§ **Problem statement**
Repeat only what runs from the line with "Margaréta biela Hviezda" through the last line of the data below, both included, keeping every word as it is and leaving out the pictures.

*** Information shown ***

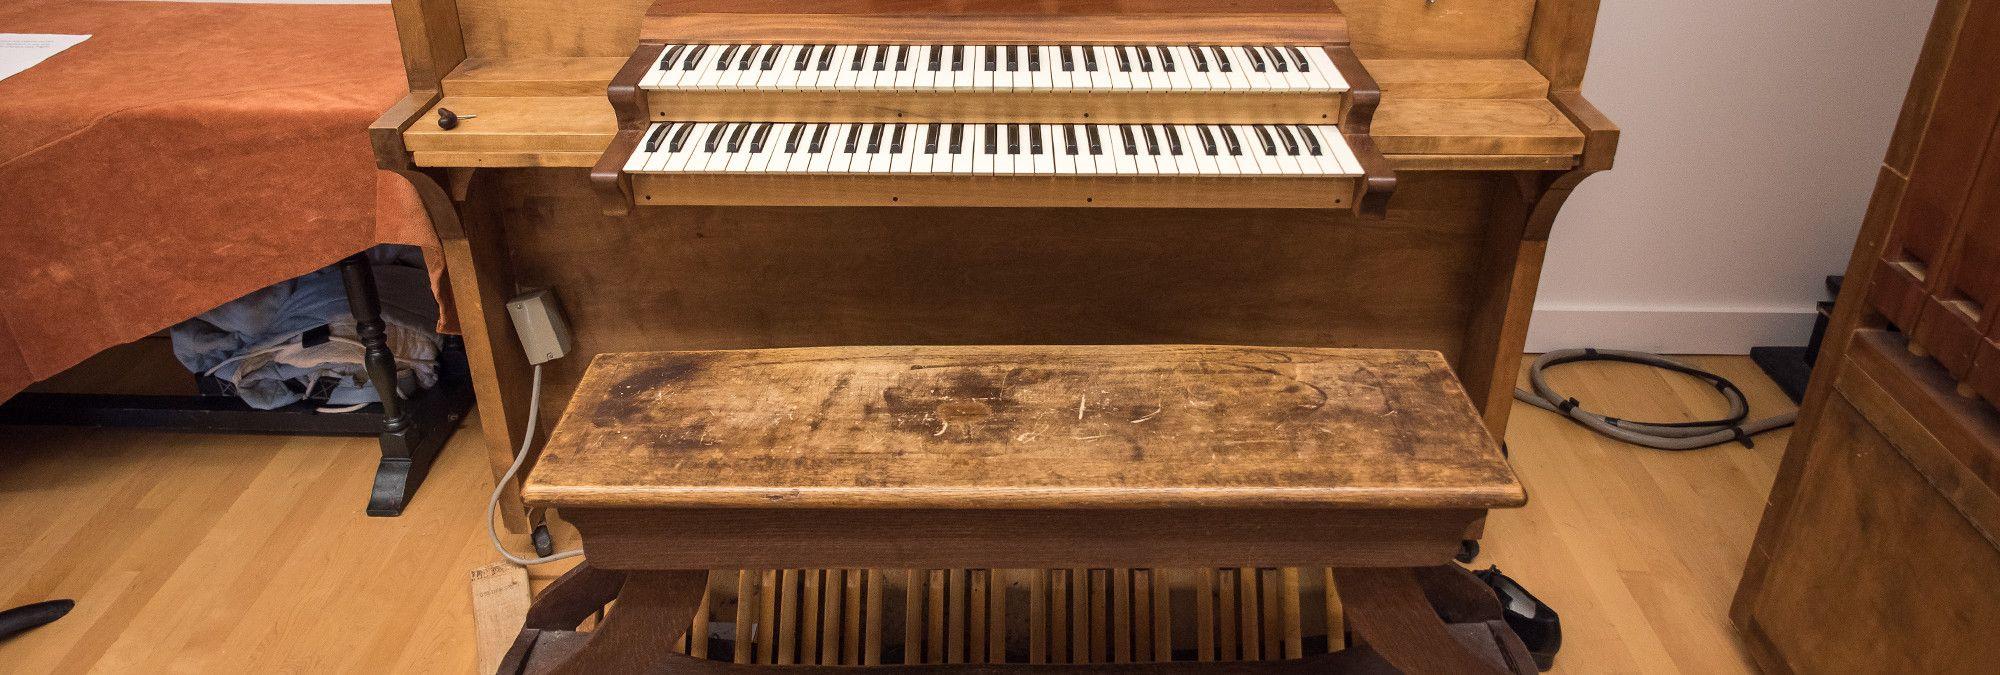 Keyboards, Organ, SFCM Degrees and Programs
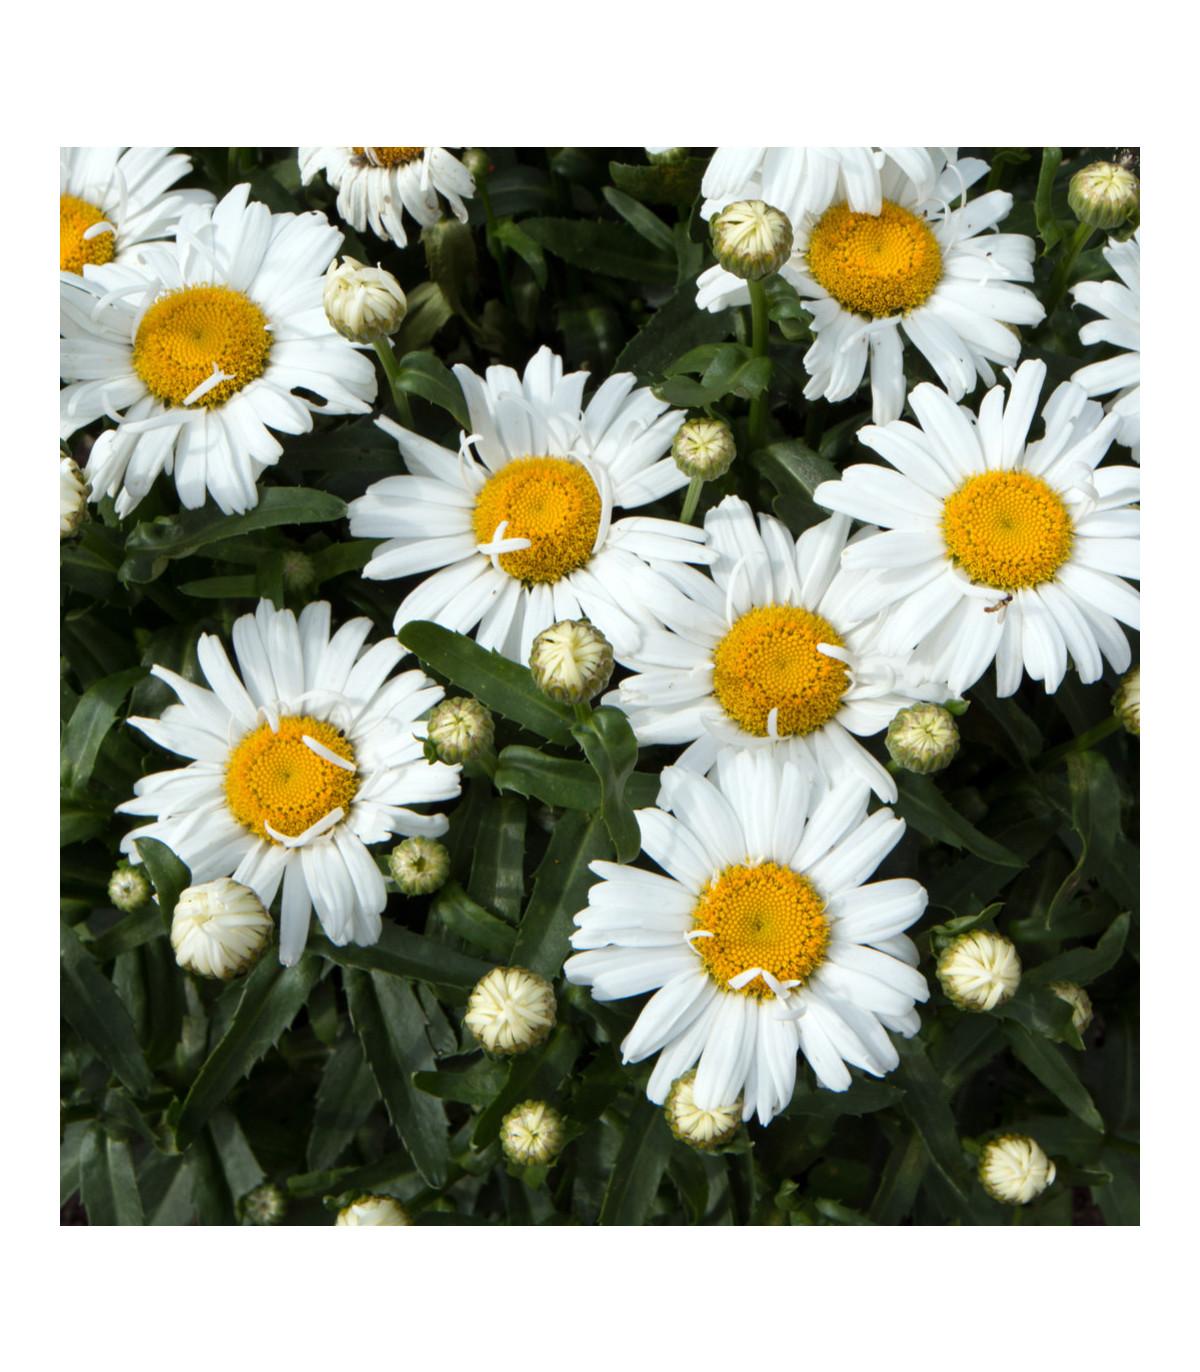 Margaréta biela Hviezda z Antverp - Chrysanthemum leucanthemum max. - semená - 0,4 g
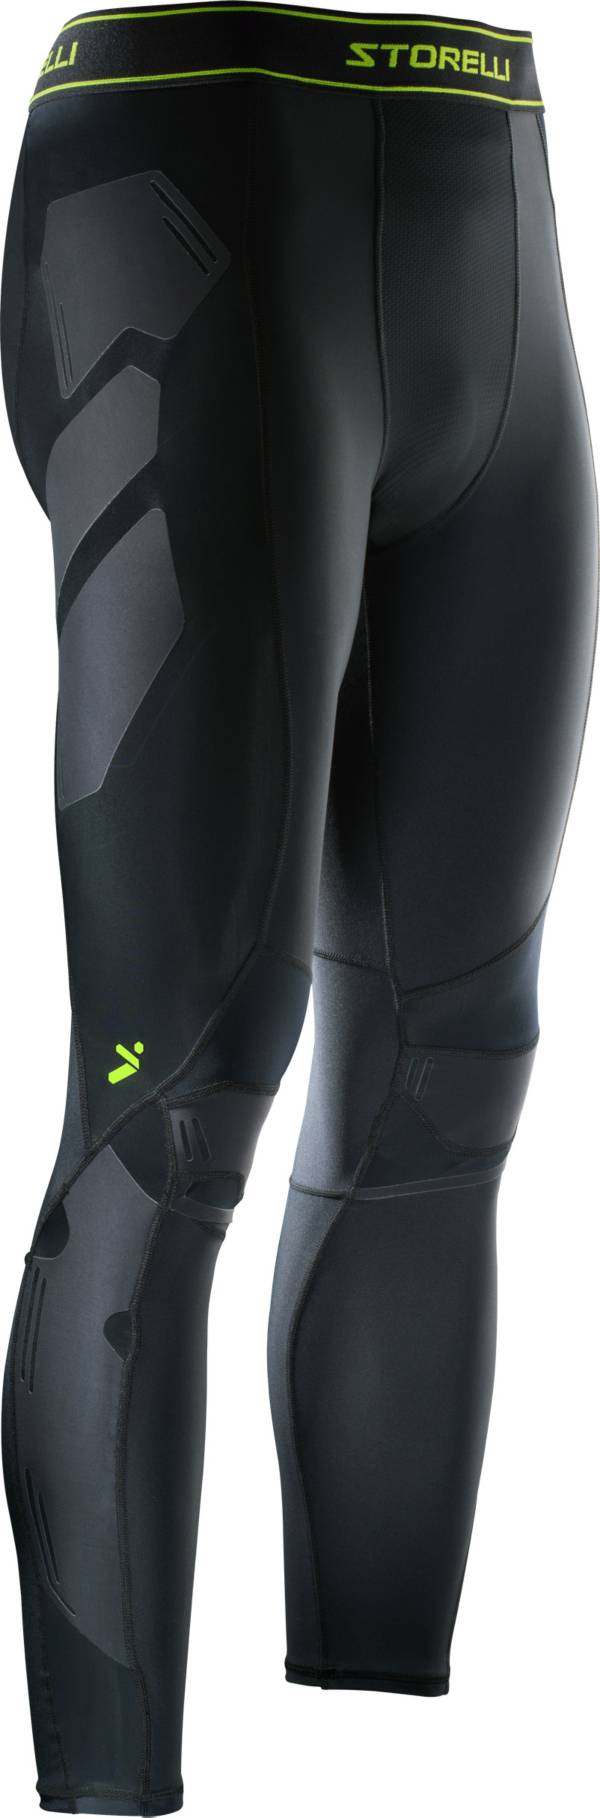 Storelli Adult BodyShield Anti-Abrasion Soccer Leggings product image

*** End of Information shown ***

§ **Result below**
 Margaréta biela Hviezda z Antverp - Chrysanthemum leucanthemum max. - semená - 0,4 g
 Storelli Adult BodyShield Anti-Abrasion Soccer Leggings product image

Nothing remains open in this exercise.